For it is His. Teachers and pupils adore Him on their knees. They know that He alone has the words of eternal life. In His school the chief work of all masters and mistresses is to teach these words, and the chief duty of the pupils to learn them, and make them their deepest and most sacred principles of thought and action. His doctrine is the soul of every Catholic school, whether it be a kindergarten or a university. Its every department is another Bethlehem where Jesus is, with Mary and Joseph.
No narrow bigotry restricts the Catholic school. Its philosophy is not limited by the purblind vision which refuses to take account of the childs immortal spirit. It is not a thing of earth, this philosophy, bound to the earth. It rises above the passing things of time and sense to the world to come. It is philosophy, therefore, that is complete; no broken arc, but a perfect whole, beginning with God, and finding its term in Him. If God did not exist, if man had no duties to Him, if there were no other world and no life beyond that which now is ours, the philosophy of secularism and the secular school might suffice. But to anyone who truly believes that the Child on His Mothers breast at Bethlehem is the Son of God, and who has made that belief a true part of his life, the plan of education which rejects the Child and His Mother, is not an incomplete system, but a pernicious system.
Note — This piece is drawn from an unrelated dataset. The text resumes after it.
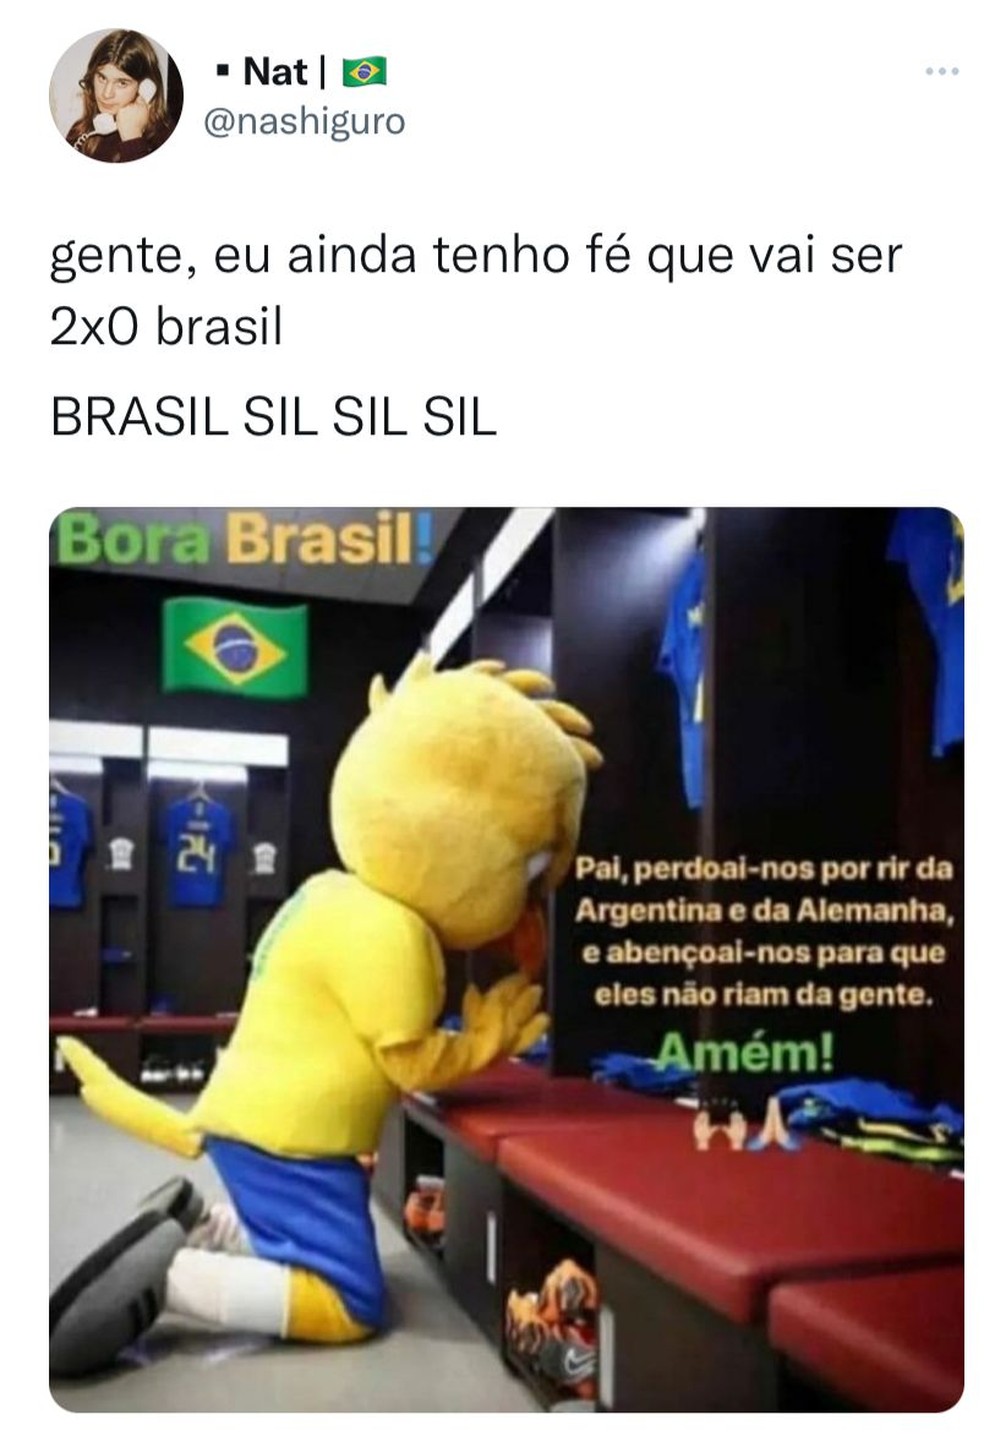 Jogo do Brasil contra Camarões na Copa do Mundo gera memes

To the Catholic mind these are familiar thoughts, but to our non-Catholic fellow-citizens they are too often a scandal and a stumbling block. Yet some among them, viewing the results of ninety years of secularism, and finding these most manifest in the sad truth that Christianity is now the creed of a minority in this country, are seeking a way back to Bethlehem. As we go over to Bethlehem on Christmas Day, and kneel before the Child, we can beg Him to set their feet on the path that leads to Him.
But let our first prayer be for the Catholic school, set up today, like His cross, to be a sign of contradiction. That prayer, spoken at Bethlehem, in the first Catholic school, will surely be answered.